## What you are asked to do:
The expected result is the full listing, retyped exactly, without a single picture.

## Provided data:
>>>

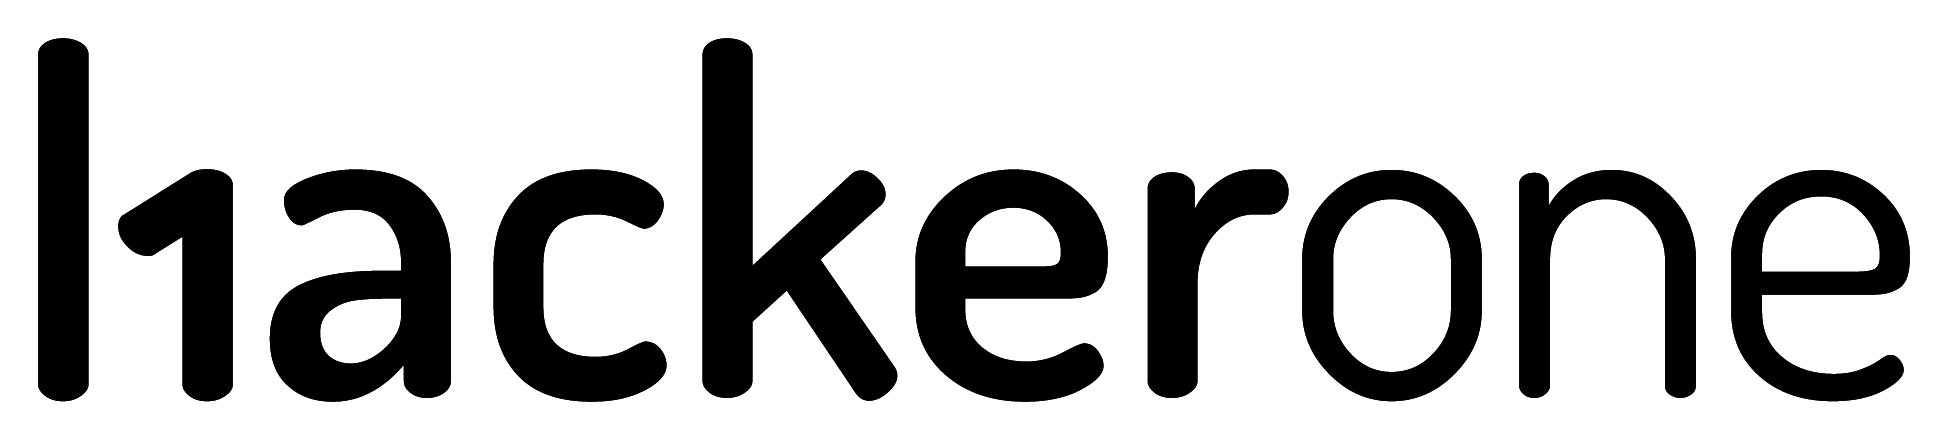 HackerOne logo
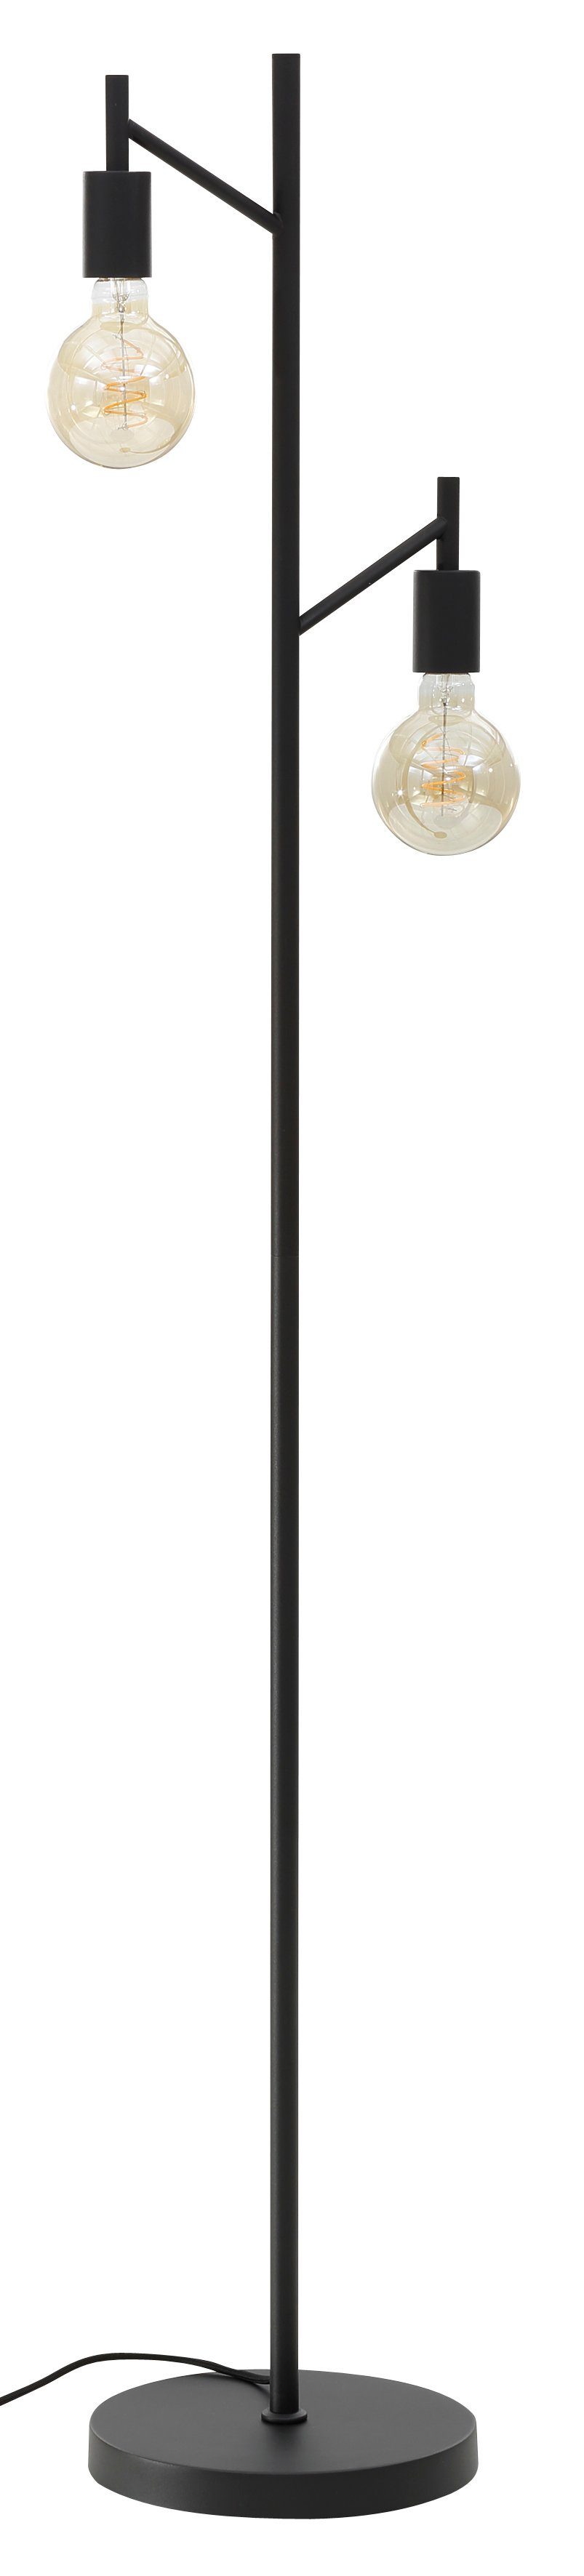 Leonique Stehlampe Jarla, ohne Leuchtmittel, Stehleuchte, 155 cm Höhe schwarze klassisch moderne
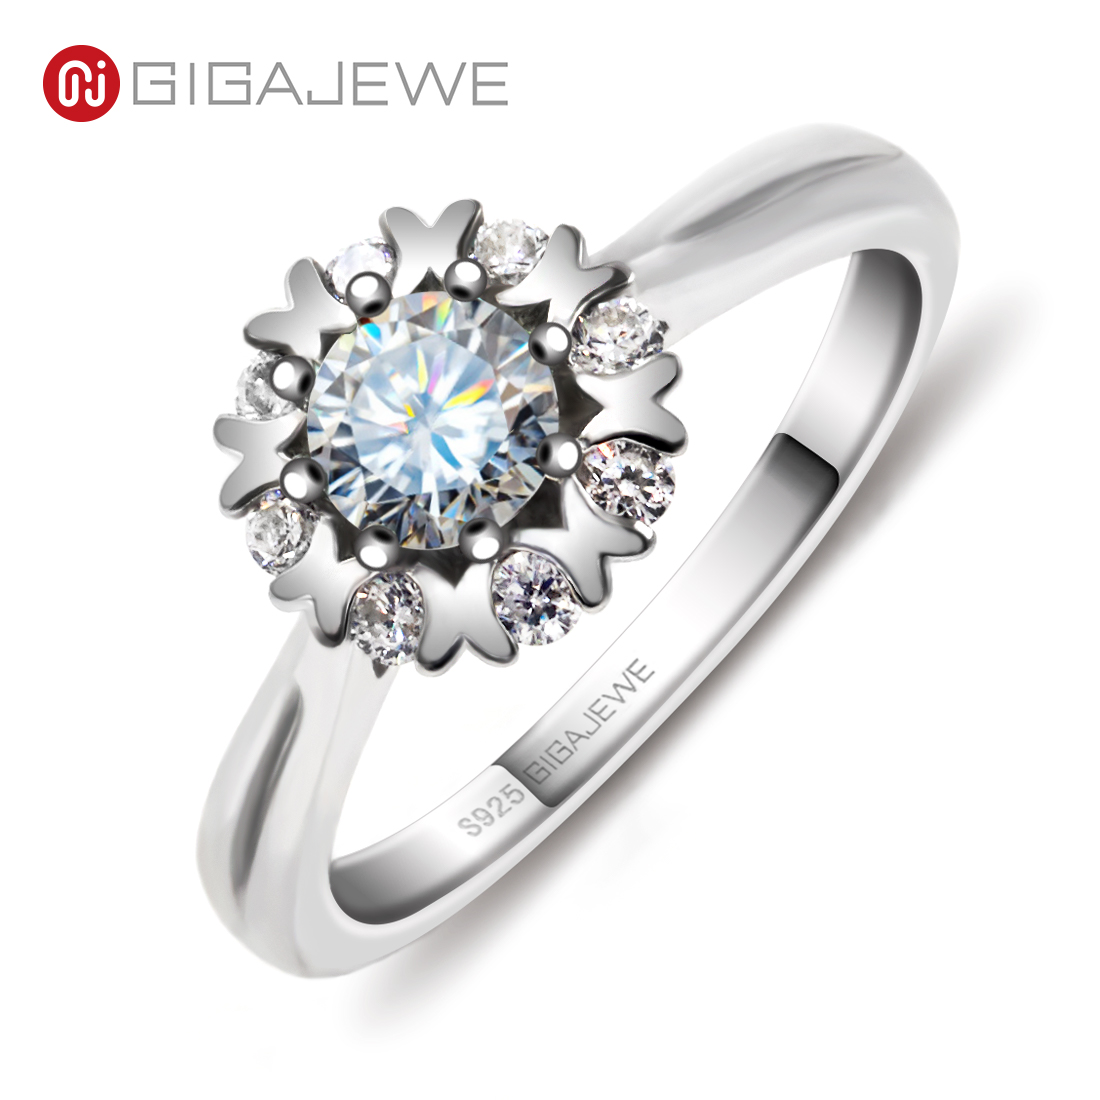 GIGAJEWE 莫桑钻戒指 0.5ct 5mm 圆形切割 EF 颜色 925 银金色多层镀金时尚爱情信物女士女孩礼物

<<<

## Expected answer:
 HackerOne logo
 Leonique Stehlampe Jarla, ohne Leuchtmittel, Stehleuchte, 155 cm Höhe schwarze klassisch moderne
 GIGAJEWE 莫桑钻戒指 0.5ct 5mm 圆形切割 EF 颜色 925 银金色多层镀金时尚爱情信物女士女孩礼物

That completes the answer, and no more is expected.